生賴範義展(1)
2018年1月 上野の森美術館

それで今回は、イラストレーターで、映画のポスターや本の装丁、挿絵などで中でもSFやファンタジー関係の作品が多い人で、それと知らずに作品に触れてきたようなので、少し無理して寄って見ました。閉館1時間前の午後4時に受付して、入場者は多少多いと思うくらいで、鑑賞に支障をきたすほどではないが、少しざわついているねという程度でした。全体としての展覧会の印象は、私が美術館などでいつも見ている美術展とは違う、そういうものとは別物だったというのが正直なところでした。例えば、展示目録が用意されていない。したがって、地図を持たないで山に登るようなもので、会場で展示を見ていても、自分が展示の中のどのあた
りにいるのか全体像を把握できない状態だったので、ずっと迷子になっているような感じに捉われていました。それはまた、展示されているものについて、タイトル等の最低限の情報はあったのですが、この人の画業の中でどのあたりなのか、といったことはなくて(私が今まで見てきた展覧会では展示目録に展示番号が附されていて、その番号が作品タイトルの掲示にも添付されていたので、全体の展示の中で何番目程度の目安はあった)、おそらく、この人のイラストを見に来るひとたちにはニーズがないと主催者は判断したのかもしれません。

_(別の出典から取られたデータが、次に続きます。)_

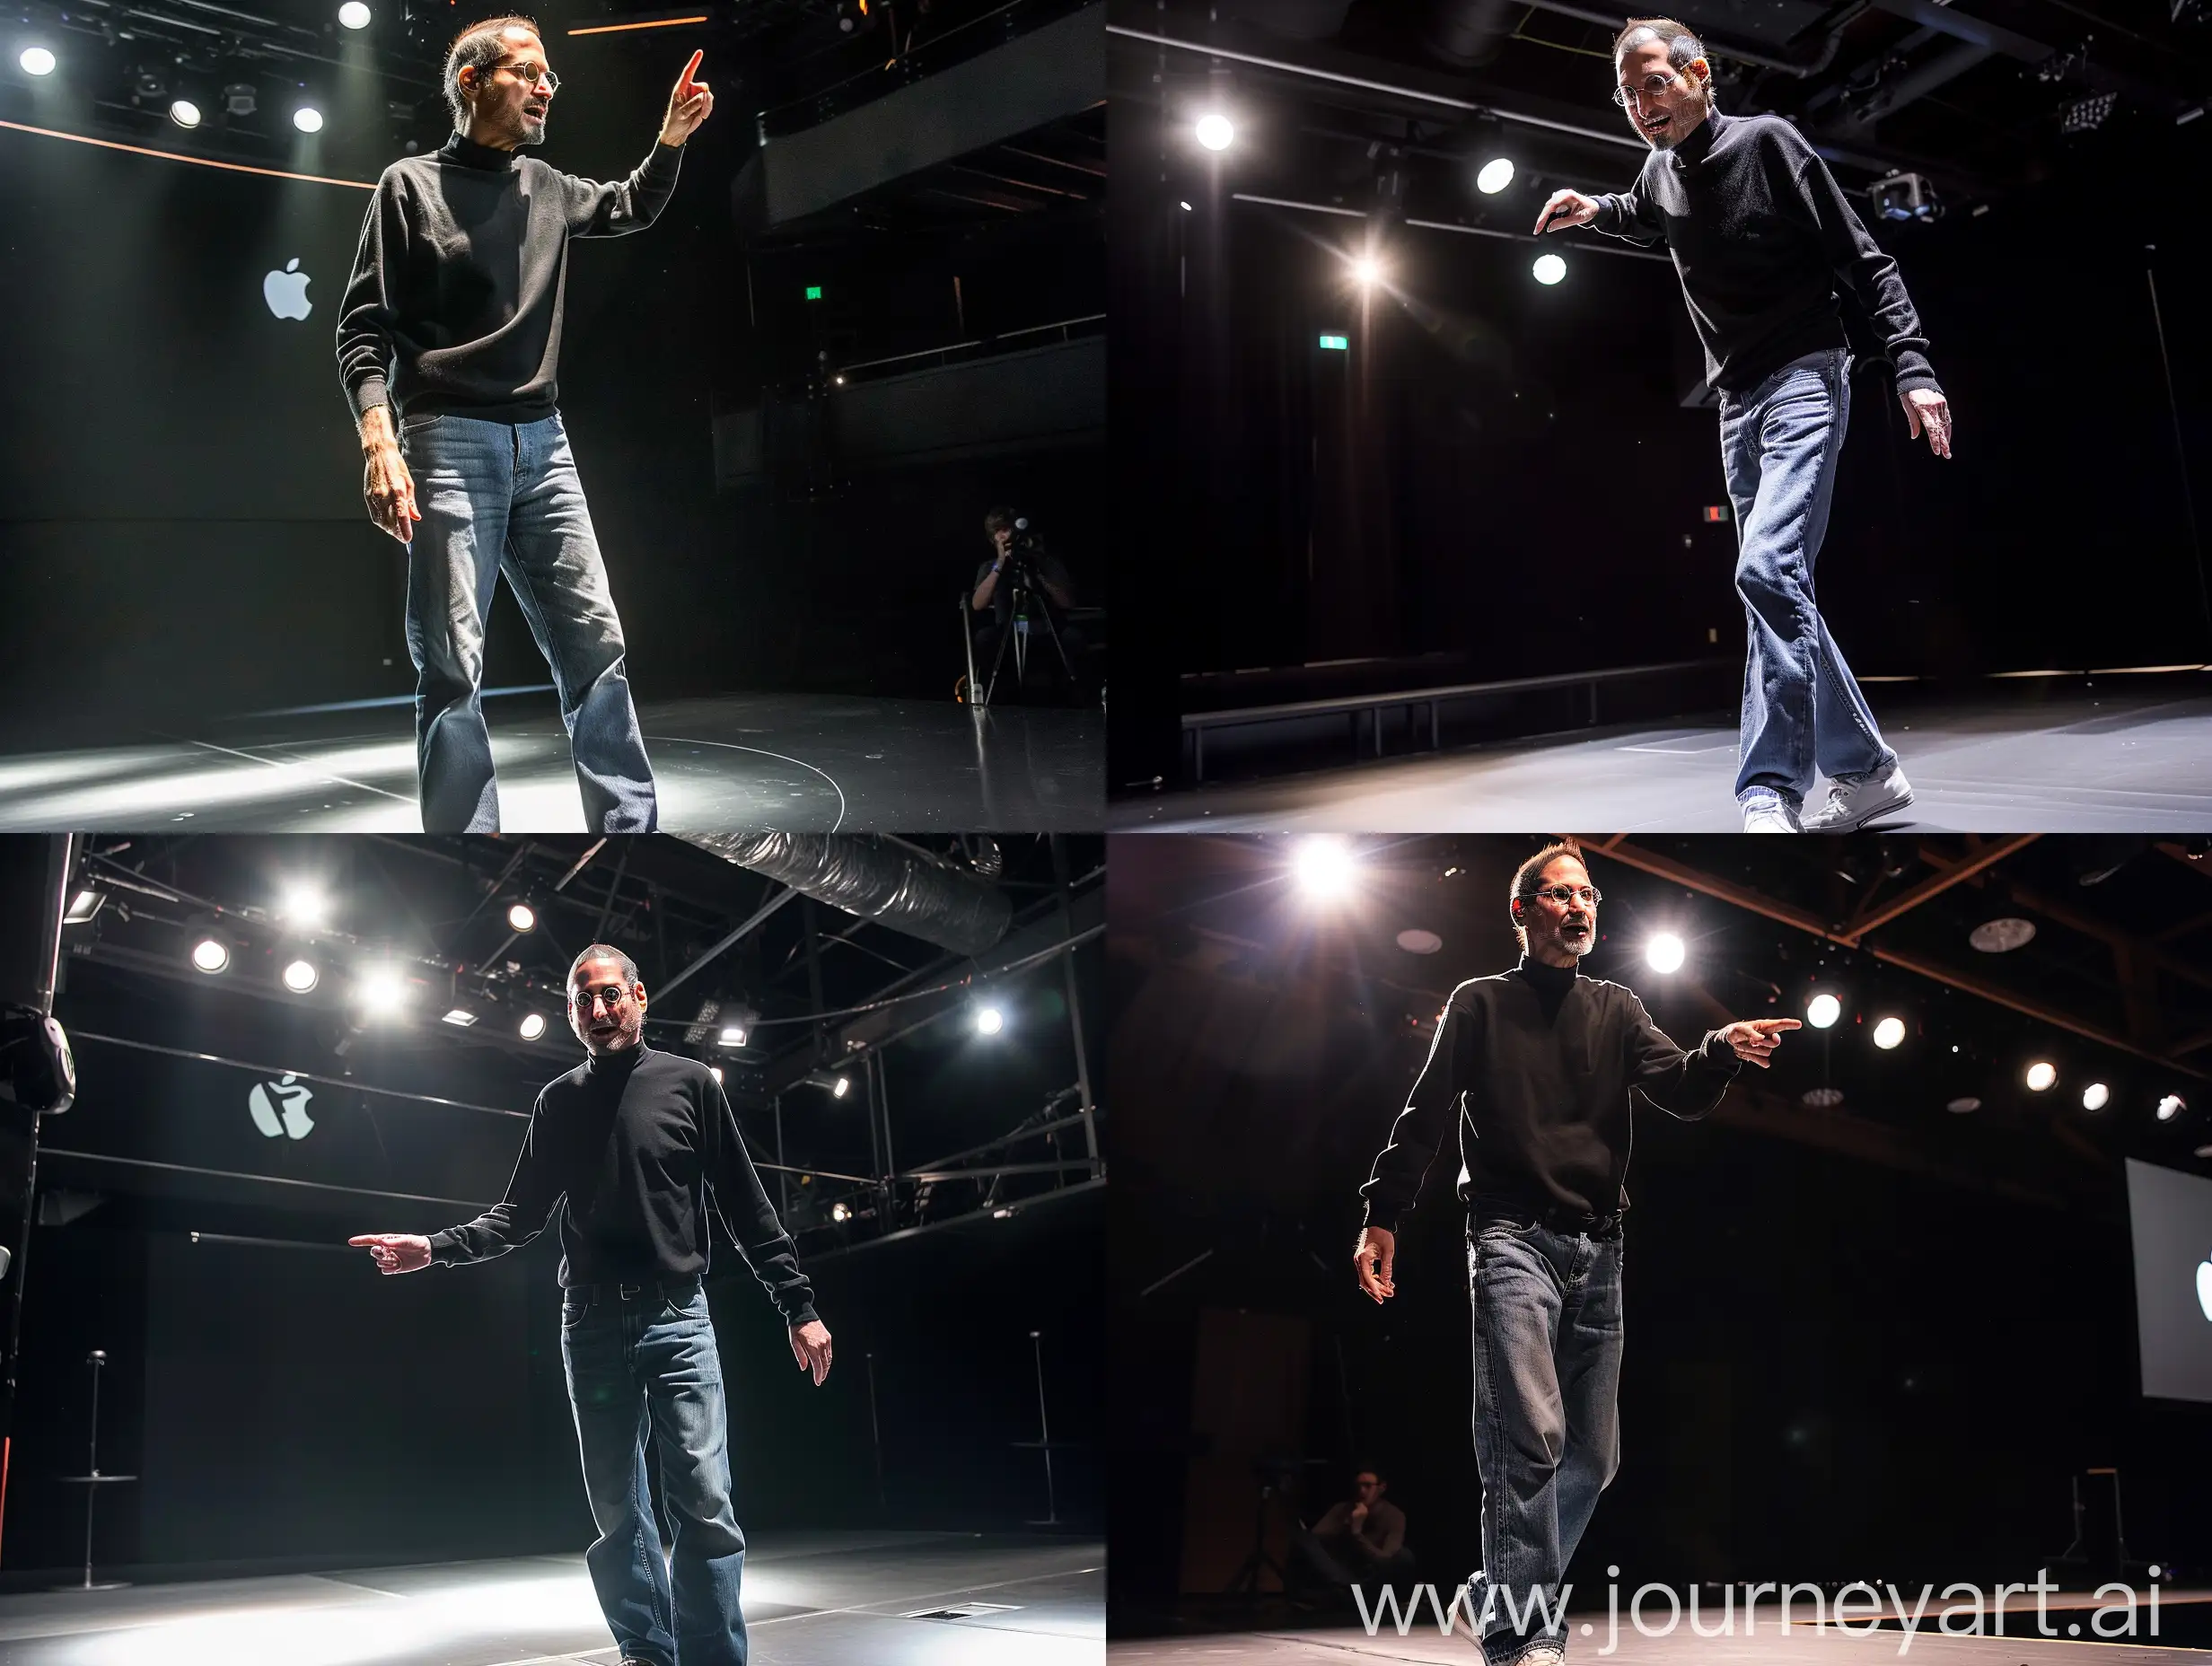 Portrait of Steve Jobs giving a lecture on the stage of a technology presentation room, wearing his characteristic black turtleneck sweater, jeans, and sneakers. The lighting comes from overhead spotlights creating a dramatic effect, highlighting his figure against the dark background of the stage. The composition includes Jobs in a dynamic pose, with one hand raised pointing towards a large screen behind him, where the Apple logo is projected. This portrait captures the moment with a shallow depth of field, using a Nikon D850 DSLR camera, with a Nikkor 85mm f/1.4 lens, capturing Jobs' intensity and passion for innovation. The style of the photography is inspired by the work of Annie Leibovitz, focusing on the subject's expressiveness and the significant use of lighting and shadow to add depth and character to the image.

また、主催者からのメッセージの掲示もなくて、展示する側は、この人の業績をどのように捉えていて、それをどのように見せようとしているのか、そういう姿勢がまったくわからないままでした。これも、おそらく、入場者は来場して好きな作品を見ればいいと考えてのことかもしれません。しかし、私のようにこの人がどのように作品を制作するようになったのかというようなトスーリーを想像するような見方をする人間にとっては、かなり戸惑うこととなった展示でした。おそらく、生賴当人もそうなのでしょうし、彼のファンの人々も、この人の作品は基本的に注文仕事であって、生賴本人の意志とは別に頼まれた仕事を誠実に仕上げた、彼の技量の成果として作品を見るというものなのでしょうか。展示についても、注文者別というか、映画会社からの注文、出版社からの、時代小
説、SF雑誌、ゴルフ雑誌、戦記雑誌などに小分けされての展示となっていました。つまり、生賴の作家性に中心を置いたという展示ではなかったということです。おそらく、生賴という人も、アーティストというよりアルチザンという意識をもっていたのかもしれないし、とくに作家性ということが絶対的に必要であるとは思いませんが、私の場合、そういう見方をするので、そうでない展示に最後まで戸惑い続けたという展覧会でした。美術展というと、どうしてもファインアートという感覚で見てしまうのですが、生賴の作品は商業ポスターとか挿絵のようなもので、ファインアートとしてみてしまうのは適切ではないと言われそうですが、たしかにここで書いているのを読まれた方は、私がファインアートとして生賴の作品を見ているかのような誤解を招いたとしても無理はないと思います。


ここで、いつもなら個々の作品を取り上げて展覧会の内容に対する感想を述べていくのですが、今回は、アトランダムに感想を述べていくことにします。それだけ、とりとめのないものになると思いますが。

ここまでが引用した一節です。